吐息。
俺の目の前には、布団が敷かれている。それはいつもの光景だ。というか何もおかしい事ではない、これから寝るのだから用意して当然だ。
だが一つ、いや二つ明らかな違和感がそこにはあった。
一つは一つの布団に二つの枕と──一人の女の子。
「どうした? 明日も早いんだろう?」
「い、いやそれはそうなんだけど……」
どうやら愛花は本気で俺と同じふとんで眠るつもりらしい。アキラがそれに凄まじい抗議を繰り返していたのだが、愛花の「なにがそんなに駄目なんだ?」という、邪気の無い純粋な問いかけにアキラは言葉を詰まらせた。
「アキラもだが、ただ一緒に寝るというだけだろう? 何をそんなに嫌がるんだ?」
「嫌がるというかさ……あまりよろしくないというか」
「だから、一体何がよろしくないんだ? ちゃんと具体的に言ってくれないとわからないぞ」
それを言われてしまうと確かにそうかも知れないが、濁すからこそ距離感が保てるというか、それを具体的に説明してしまったら気まずくなるだけな気もするが。

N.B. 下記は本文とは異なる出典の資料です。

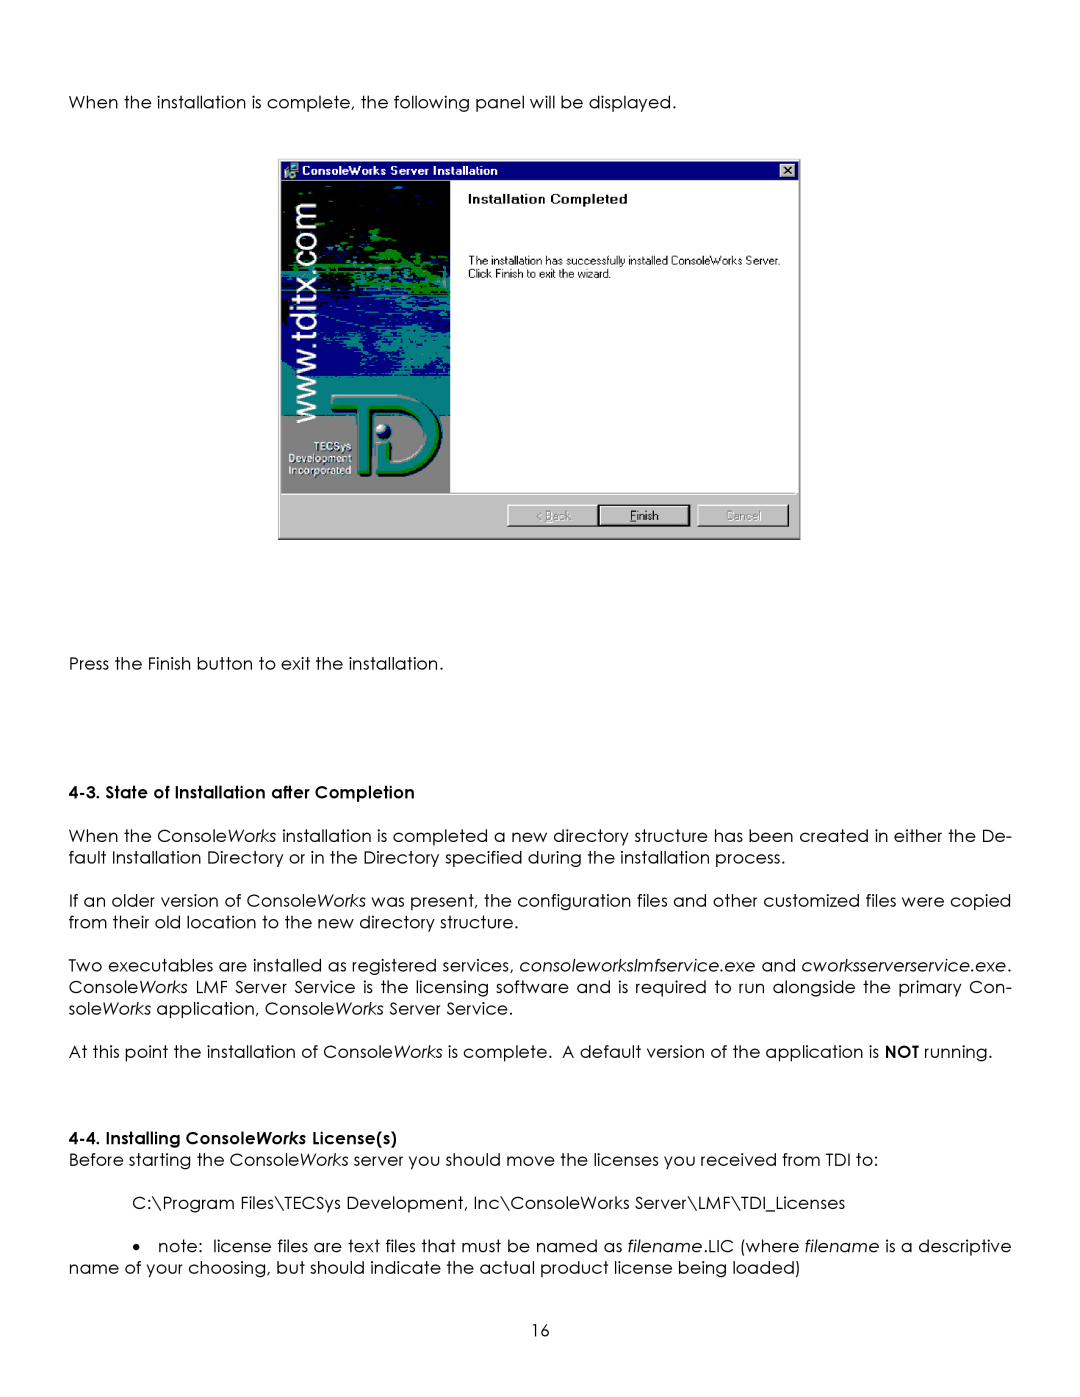 York Version 1.5.0 manual State of Installation after Completion, Installing ConsoleWorks Licenses

小難しい事を抜きにして言ってしまえば、こちとら歳頃の男子高校生──中退済みだが──だ、同じ歳の、それもとびきり美少女の愛花と寝るのは、その。
いや、止めておこう。無心でいるべきだ。何も考えてはいけない、少しでも意識すれば眠るどころじゃなくなる。
「良いよ……とりあえず寝よう」
諦めのように俺は愛花と共に布団に入る。
いつもならスペースの余裕があるが、今日は二人分だ、自然にしていても愛花と肩が触れ合う。
さて、早速だが問題発生だ。後は目を閉じて意識を落としていくつもりだったけれど、すぐ側から流れてくる女の子のシャンプーの香りがそれを邪魔する。

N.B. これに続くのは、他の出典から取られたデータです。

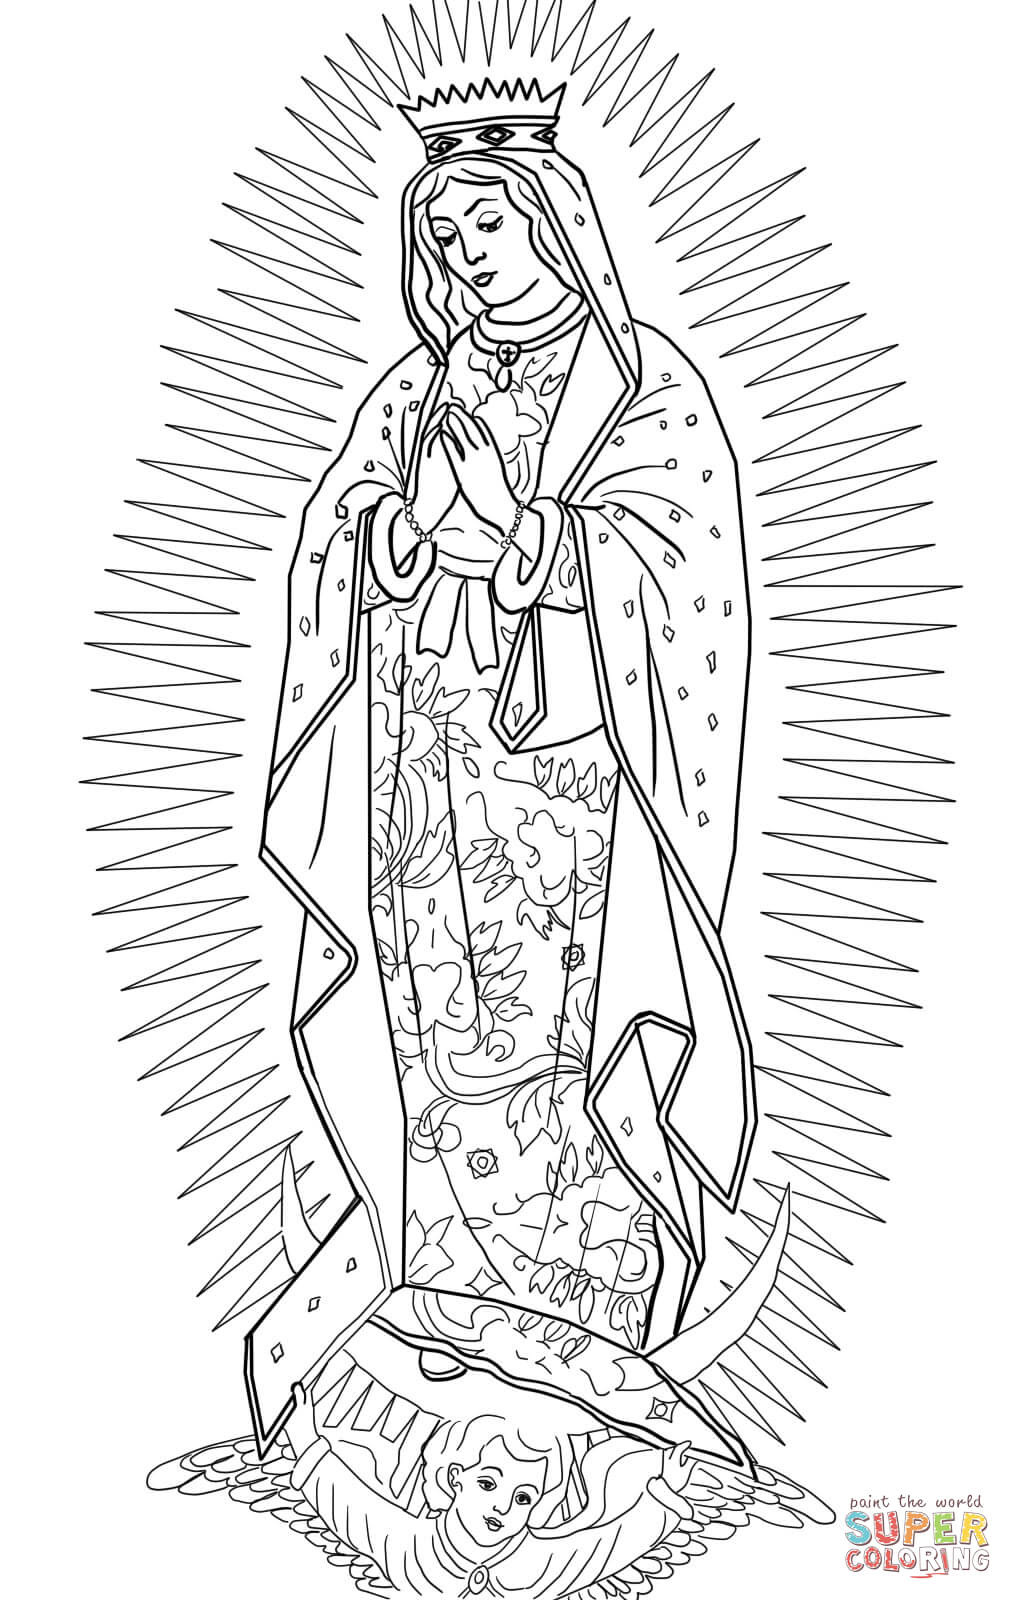 Our lady of guadalupe coloring page free printable coloring pages

ふわりと、どころではなくガッツリと。すれ違う程度ではわからなかった香りが俺の鼻孔をくすぐる。
質のいいルームフレグランスのようで落ち着く事は落ち着くが、それが愛花から香っているという付加価値が……何を冷静に解析しているんだ、発言の内容が気持ちが悪い。
(うぅ……これは逆に辛いかも……)
やっぱり断るべきだったかもしれない、だけどそれを伝えると切なそうな顔をする愛花を見ると……どうしても出来なかった。
「楓太……寝付けないか?」
気配でわかるのか、愛花に気取られてしまった。
寝たふりをしても無駄だろうと、俺は誤魔化さずに応じる。
「ちょっとな……」
「何かが無いと眠れないとか、か?」
ちょっと待って欲しい。
俺は心の内で愛花に問いかける。
なぁ、愛花。本当の本当に気になるんだが、どうしてそんなに優しい囁き声なんだ。夜だしみんな寝てるし、かもだからかもしれないが、なんでまたそんなASMRみたいな事するんだ……! やめてくれ……本当に眠れなくなる! 精神衛生上よろしくない!

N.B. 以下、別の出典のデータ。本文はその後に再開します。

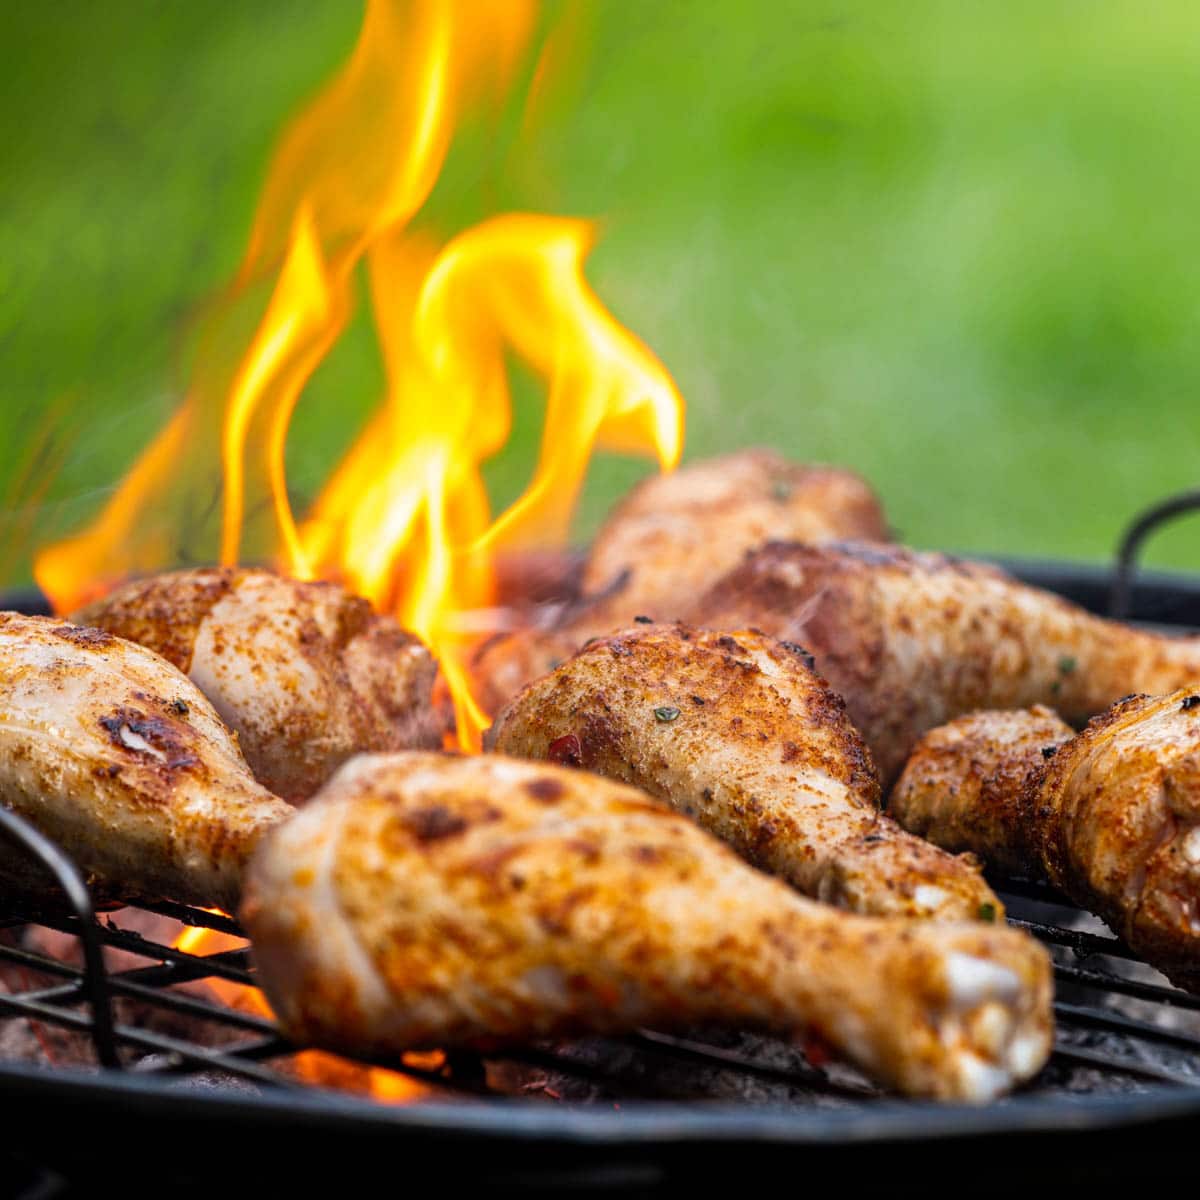 Chicken drumsticks on a charcoal grill with flames.

とは面と向かって言えないから、当然やめてはくれないわけだが。
「よし、私が小さい頃に母さんによくしてもらっていた事を試してみよう」
「え、なに……?」
戸惑っていると、右手が柔らかな温もりに包まれる。
それが愛花の両手であるということには、出来れば気付きたくはなかったかもしれない。
この空気、不味い。
心音が愛花に聞こえてしまわないか怖くなった。
「こうやって、誰かに手を握ってもらうと、すごく安心できるだろう?」
「あ、あぁそうだな……」
くそぅ、可愛いなぁ。こうやって、こんなに近くでまじまじと見ると。
アキラも叶ももちろん可愛いが、今のこの状況は愛花の可愛いさというか、魅力というか。そういうものを何倍にも膨れ上がらせていた。
「これで眠れそうか?」
「そ、そうだな。これなら……」
むしろ更に寝付けそうに無くなってしまったが、俺はこれ以上何かされてしまう前にこれで手を打ってもらおうと目を閉じる。
「おやすみ、楓太……」
両手で握られている以上、俺と愛花は向かい合っている。
すぐ目の前に整った顔立ち。眼福だが、眼を閉じなければ。
しかし問題はまだまだ俺を眠らせてはくれないようだ。
愛花と向かい合ってから、なかなか眠れずに無理矢理にでも目を閉じて三十分程が経った頃だった。
「んぅ……」
時折漏れる淡い吐息と、幼い子どものような声に俺の心はかき乱される。
(お、俺に……眠れる日は来るのか……?)
結局その日は朝まで眠る事ができず、昼間の家事もあくびを噛み殺しながらやる羽目になるのだった。